Task instructions:
Reproduce precisely the lines of the listing below, starting with the line that contains "Roasted Radish, Potato" and stopping after the line that contains "Coriander seeds close-up"; include nothing else.

Exercise input:

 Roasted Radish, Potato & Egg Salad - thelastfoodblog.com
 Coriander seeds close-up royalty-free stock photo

==

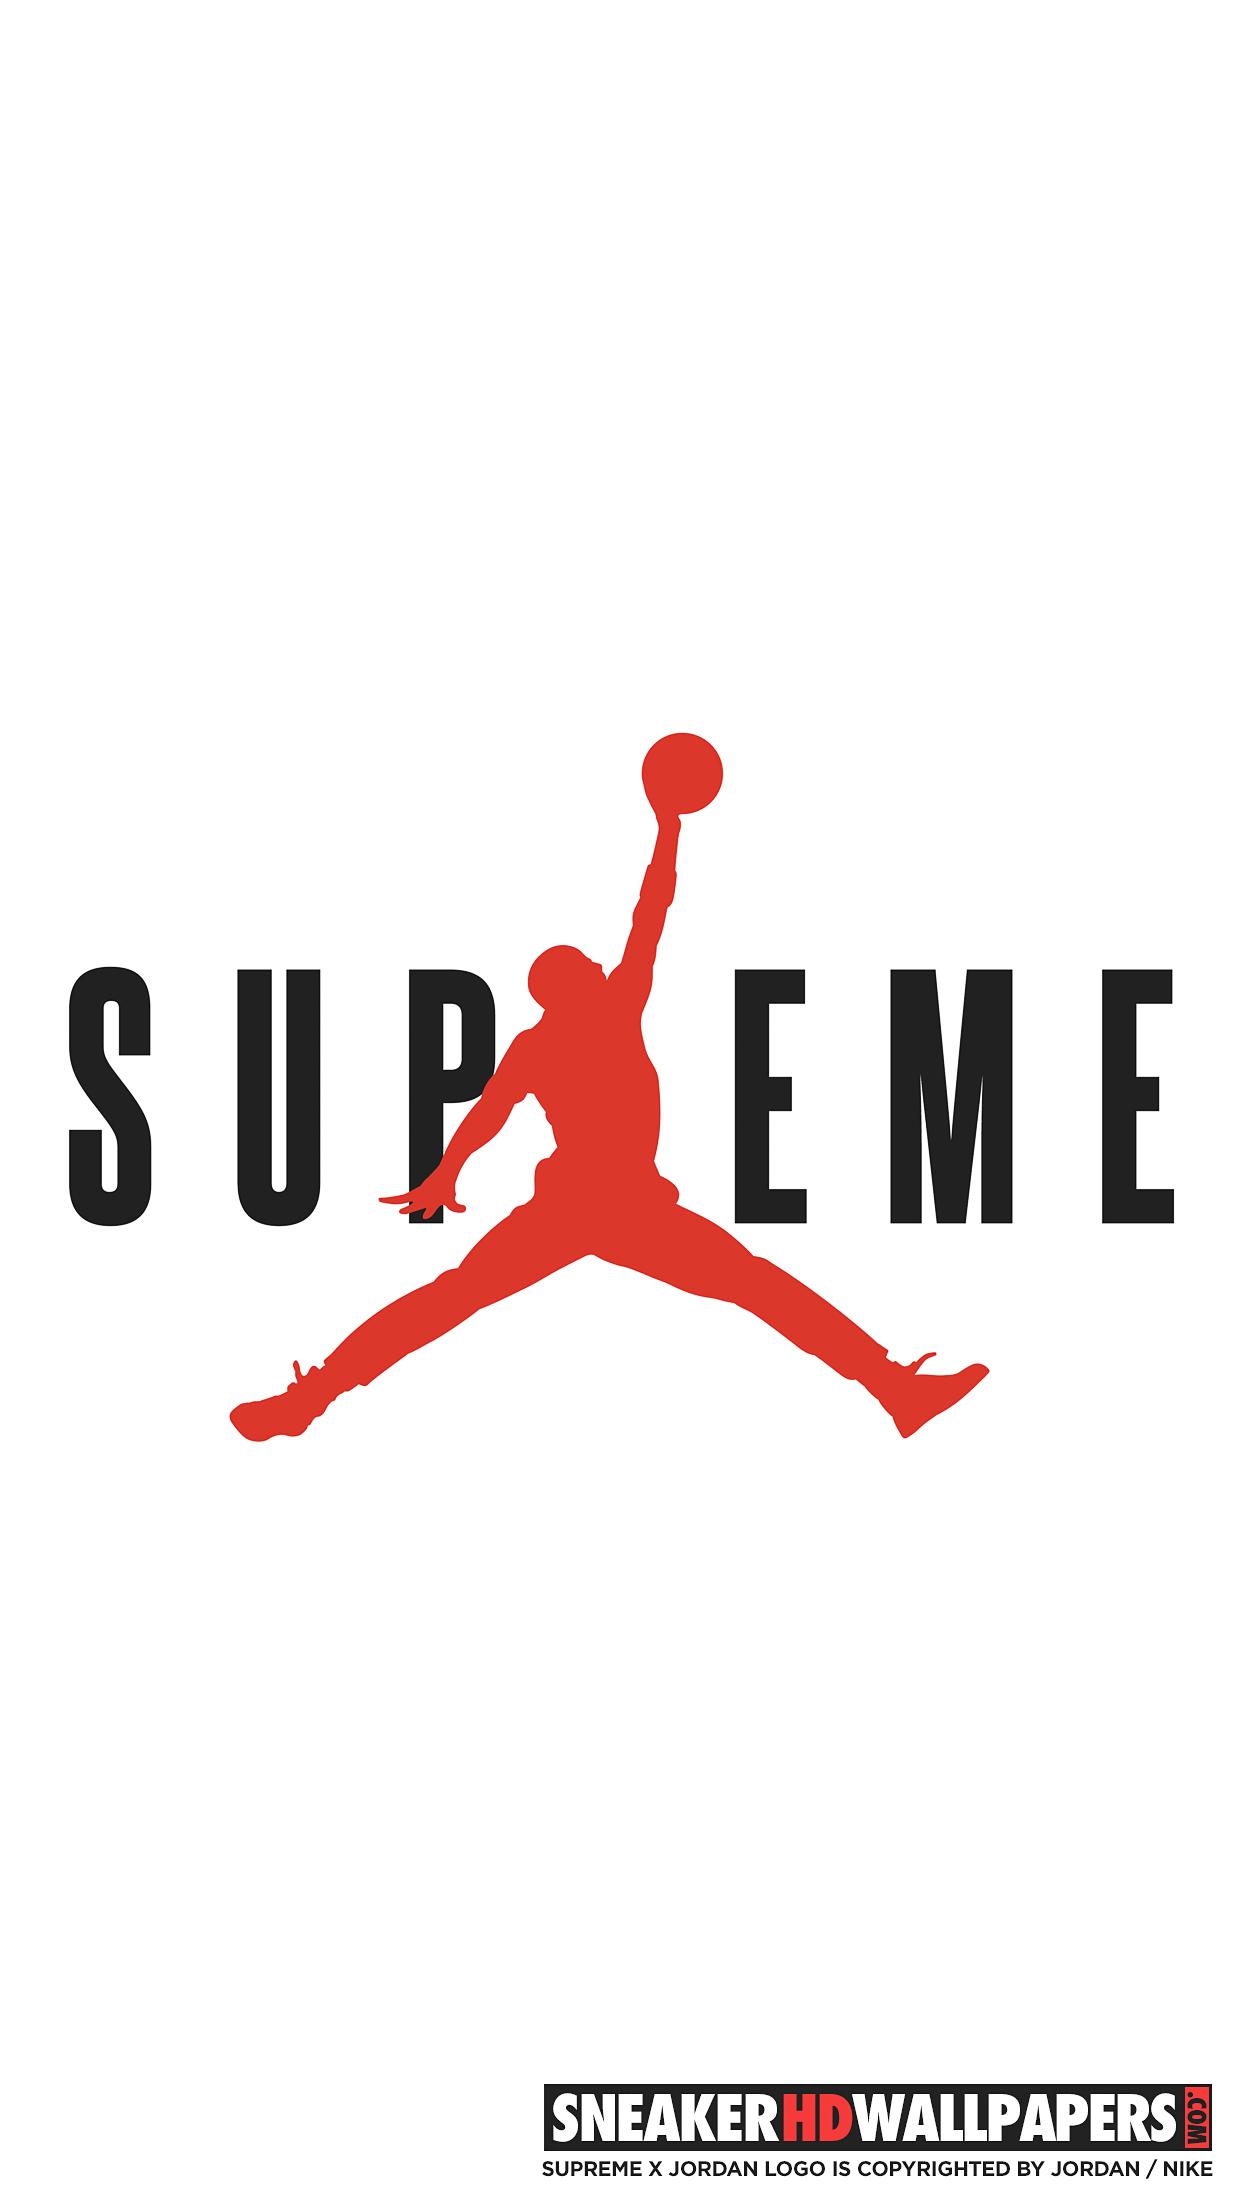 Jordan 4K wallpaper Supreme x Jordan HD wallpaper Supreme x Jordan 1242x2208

Response to this task:
 Roasted Radish, Potato & Egg Salad - thelastfoodblog.com
 Coriander seeds close-up royalty-free stock photo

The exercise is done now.